On Wednesday, Hop-O-Nose tenants voiced their concerns to the Catskill Housing Authority board after last week’s meeting had to be rescheduled. But the main concern was the nebulous role of the board when it comes to matters of grievances, evictions and the overall condition of the creekside federal housing complex.
Most of the job is policymaking and prioritizing items in the budget. Well and good there, but the board as a whole seems to be uncertain about what its duties and responsibilities are. That’s no way to run a railroad — or a housing development funded by big federal dollars.
The board isn’t even allowed to call meetings to hear tenant grievances, according to board member Patrick McCulloch.
“The last time we held one of these meetings was two years ago,” McCulloch said. “We were told that’s not our job.”
Huh? If listening to grievances is not the board’s job, what is?
Members of a housing authority board should attend all board meetings and participate in discussions and decision-making, according to the U.S. Department of Housing and Urban Development.

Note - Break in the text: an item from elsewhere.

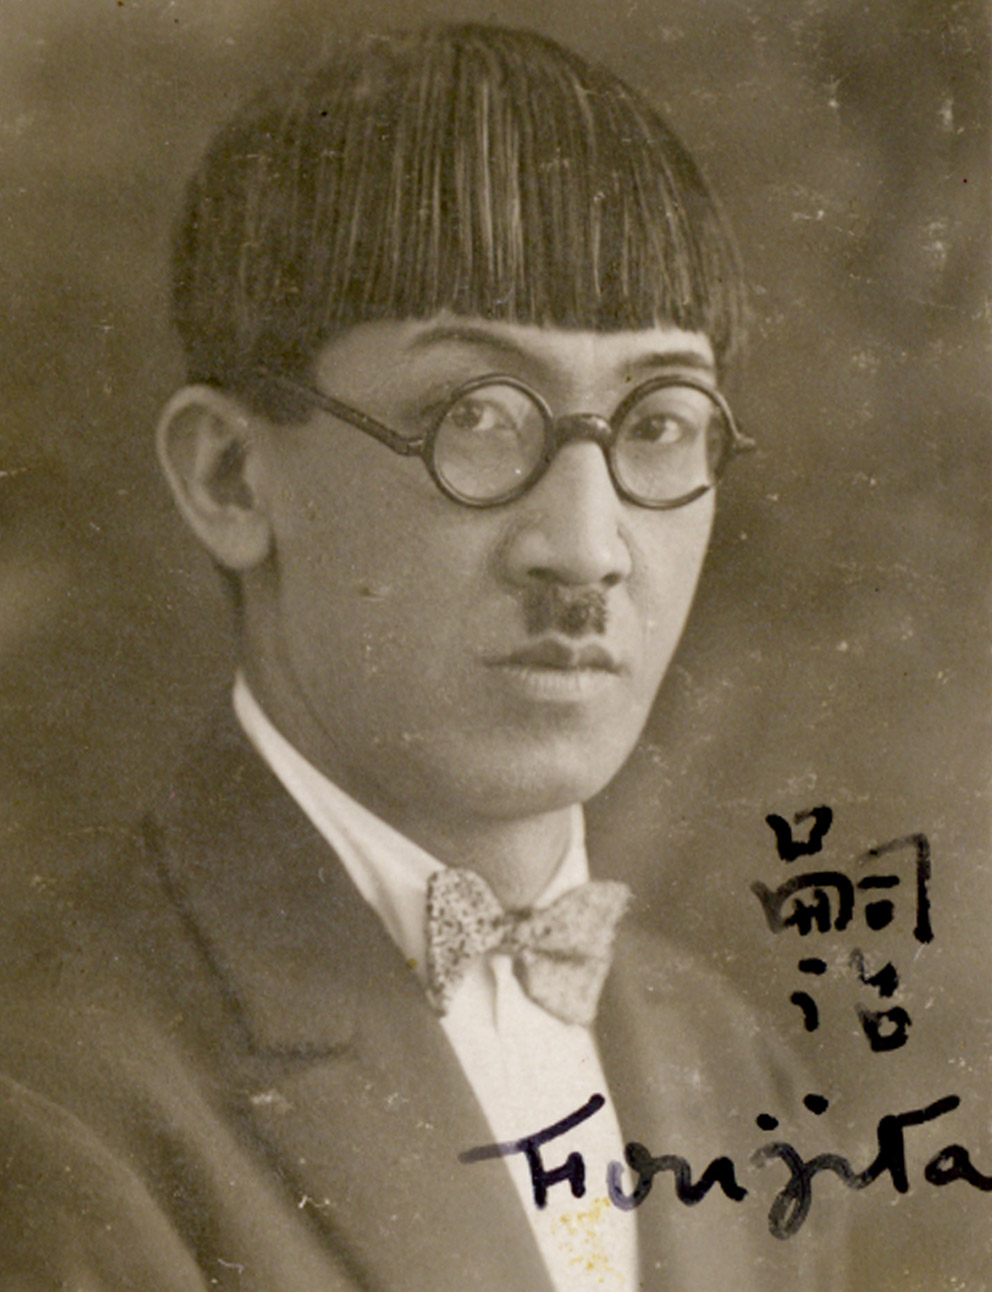 嗣治 Foujita 1922

“Board members should ensure that the organization complies with applicable laws and regulations, which includes insuring that the organization carries out its purposes and does not engage in unauthorized activities,” according to HUD.
Members should also be familiar with HUD’s rules and regulations pertaining to the Regulatory Agreement and Subsidy Contract, which includes Fair Housing Laws.
Essentially, then, HUD wants the Catskill Housing Authority board (and others, we presume) to serve as a police agency, not as men and women sympathetic to the concerns of tenants. Hudson affordable housing advocates such as 2nd Ward Alderwoman Tiffany Garriga are supporting the Catskill Housing Authority and the Hop-O-Nose tenants. The tenants need a true voice and an ear to listen. Without those, they are just voices in the wilderness.